┌─ Supplied material
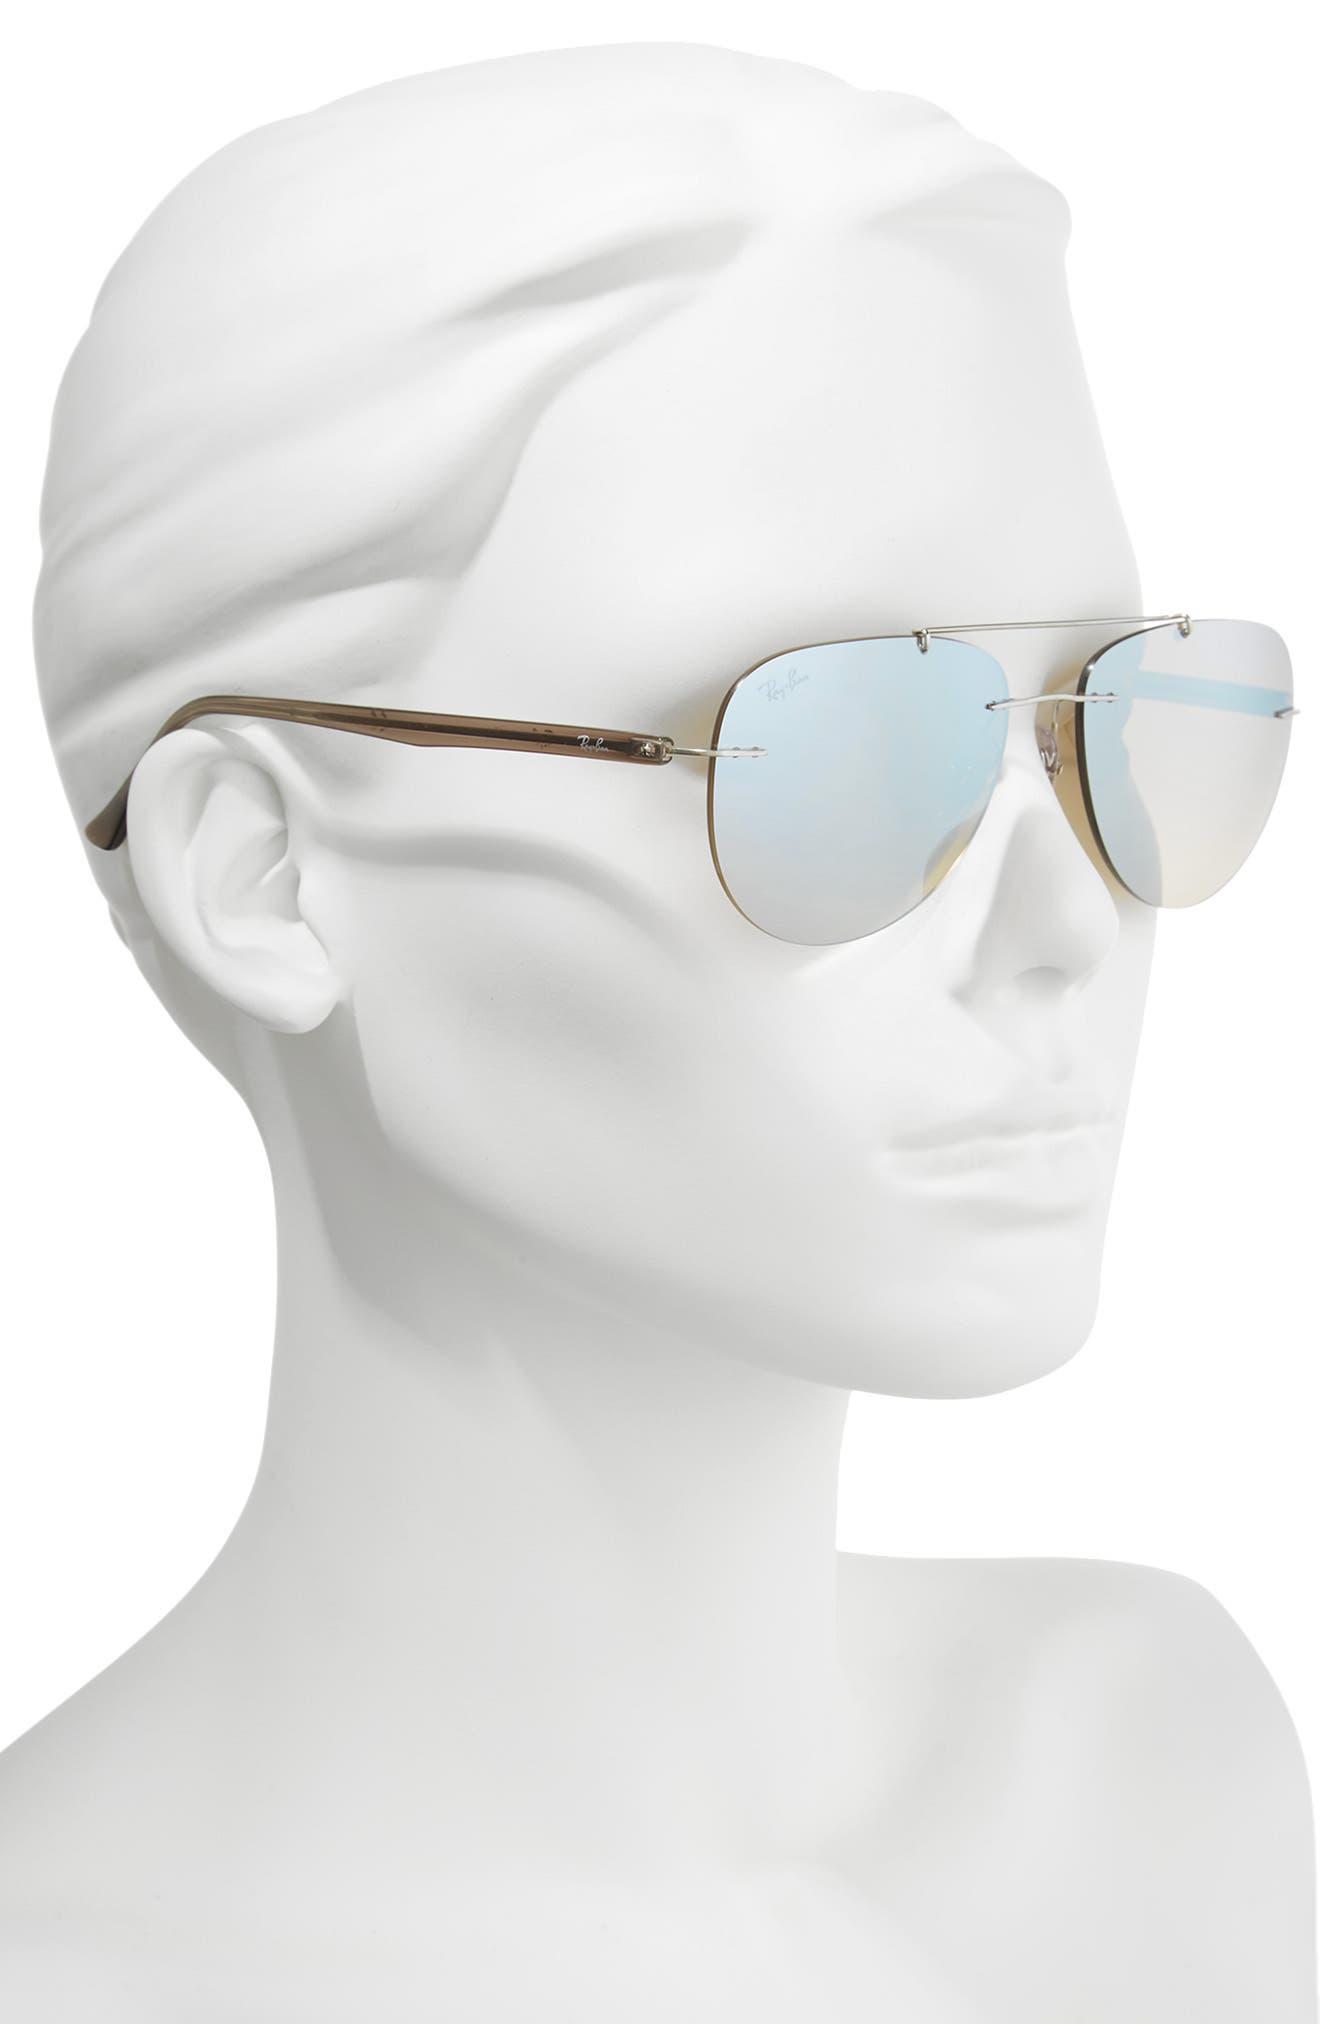 Phantos 57mm Mirrored Rimless Aviator Sunglasses,                             Alternate thumbnail 3, color,                             Silver
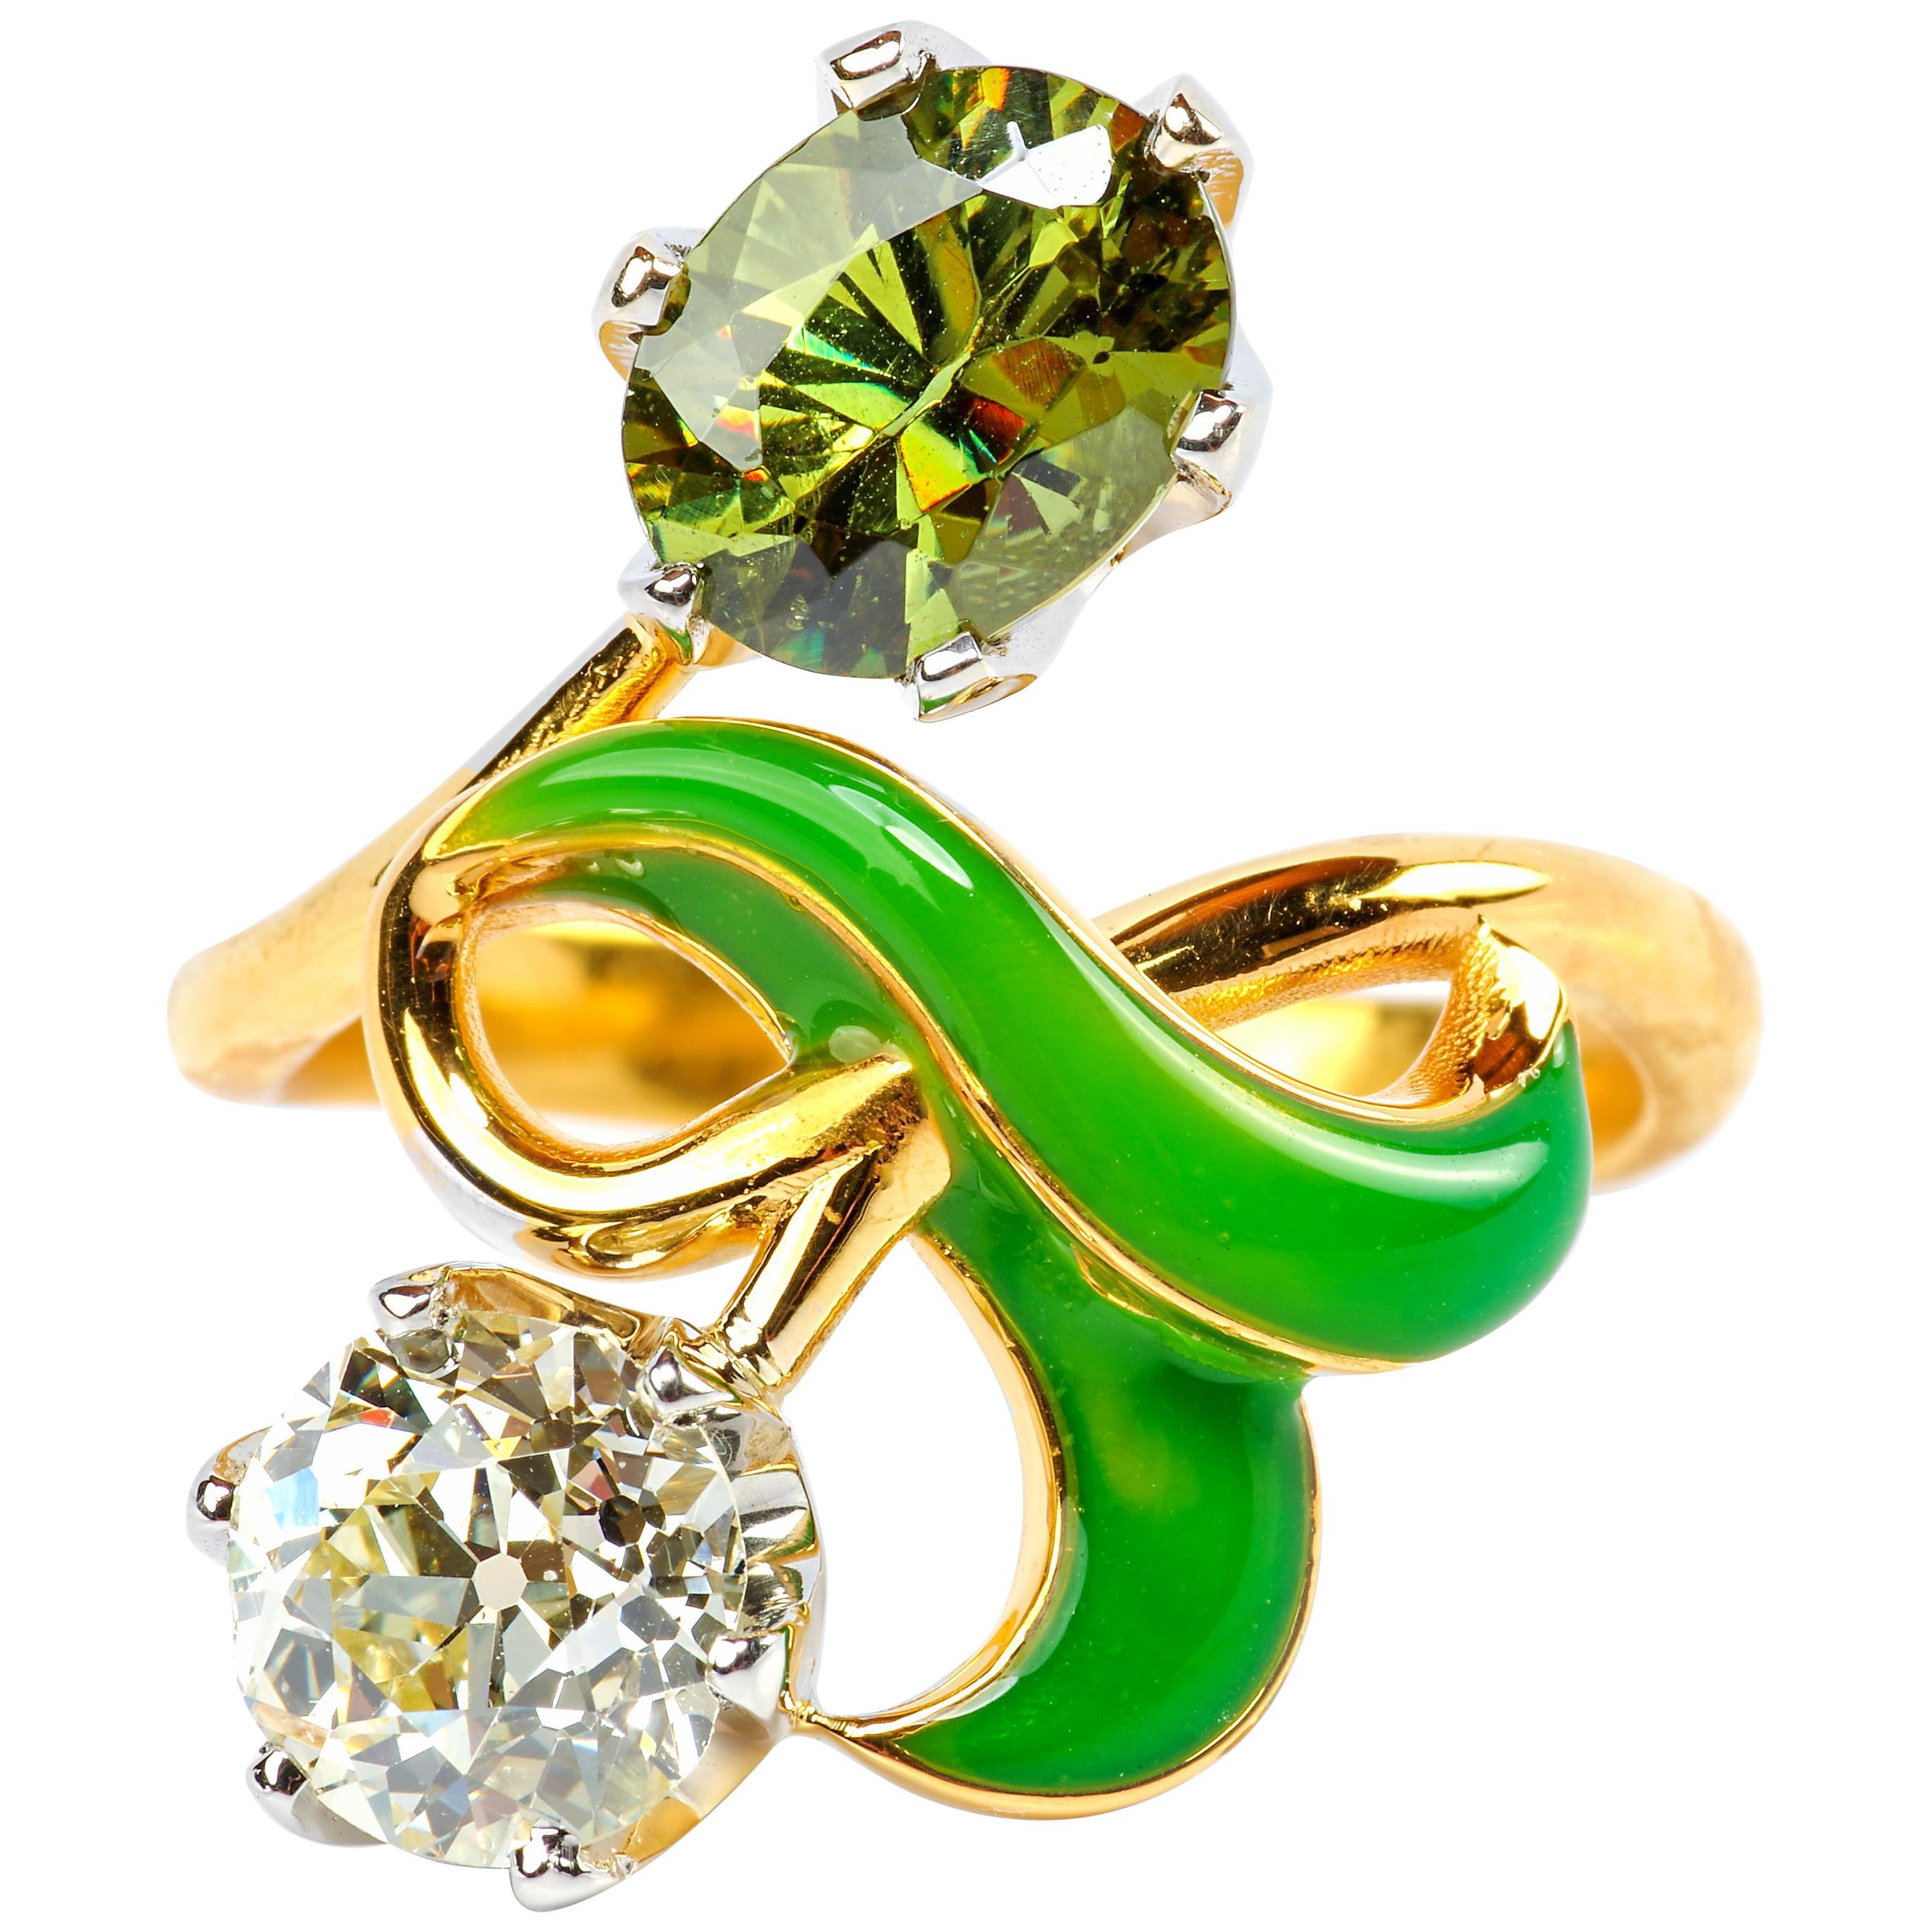 Demantoid Garnet and Diamond Ring Art Nouveau Style
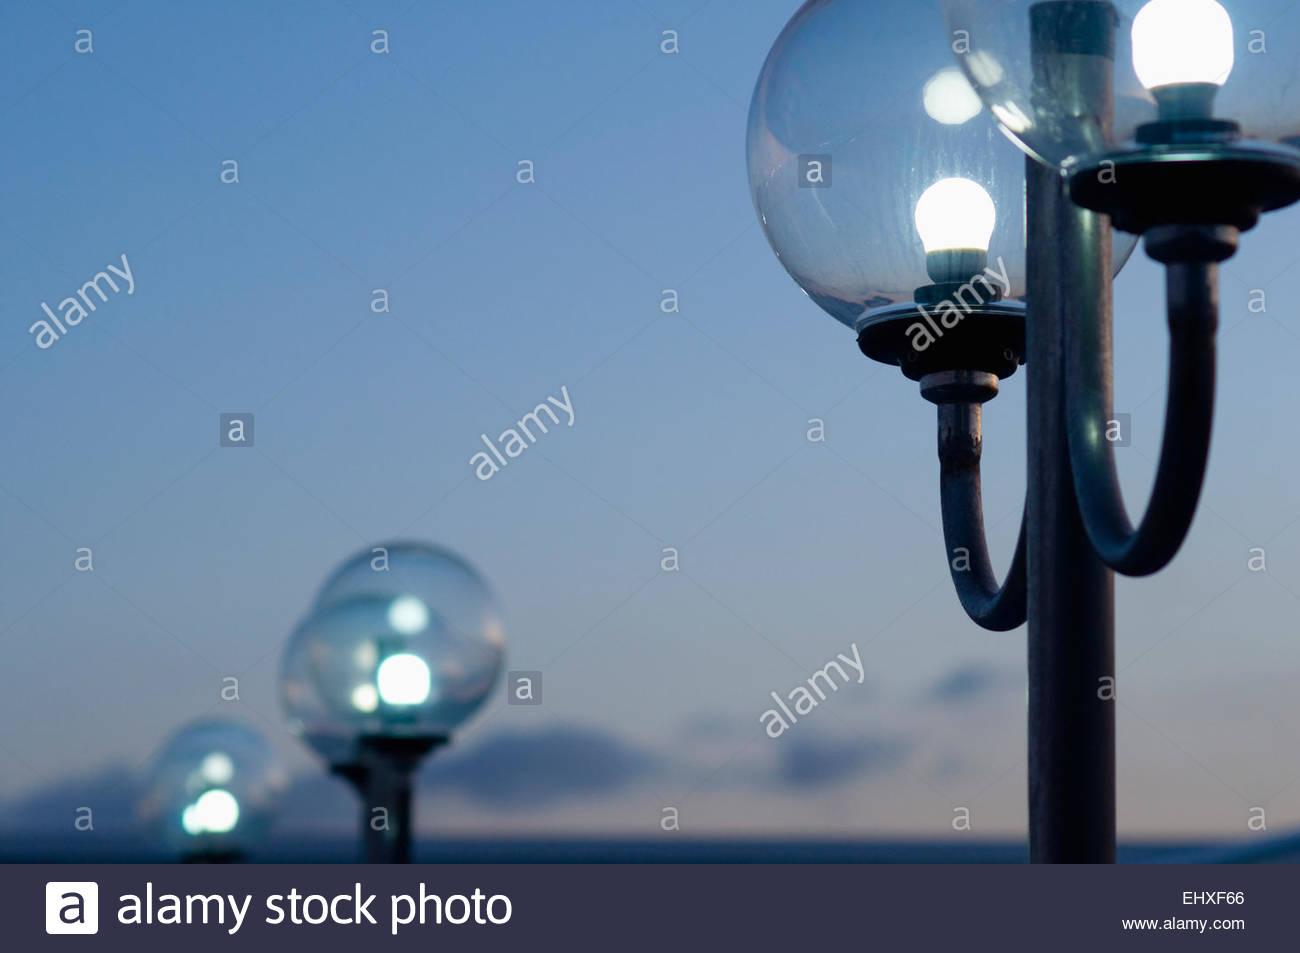 Lampen En Licht : Lampen licht sonnenaufgang globus glas zeile beleuchtet stockfoto
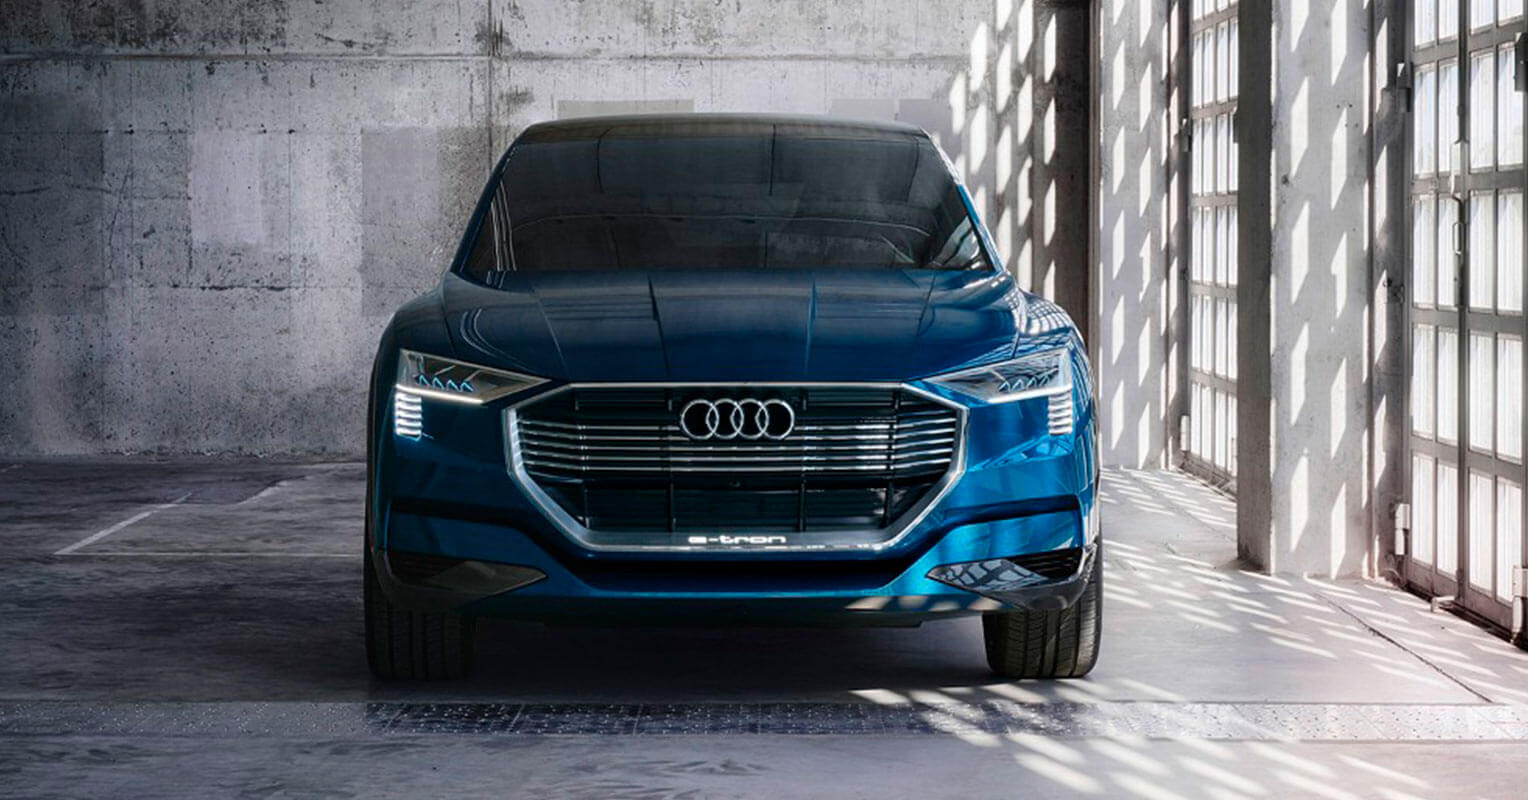 Audi e-tron quattro frontal
└─
**Aim of the exercise**.
Without the pictures, reproduce each line from the one containing "Lampen En Licht" through the last line of the material above, both of those lines included.

**Answer area**.
 Lampen En Licht : Lampen licht sonnenaufgang globus glas zeile beleuchtet stockfoto
 Audi e-tron quattro frontal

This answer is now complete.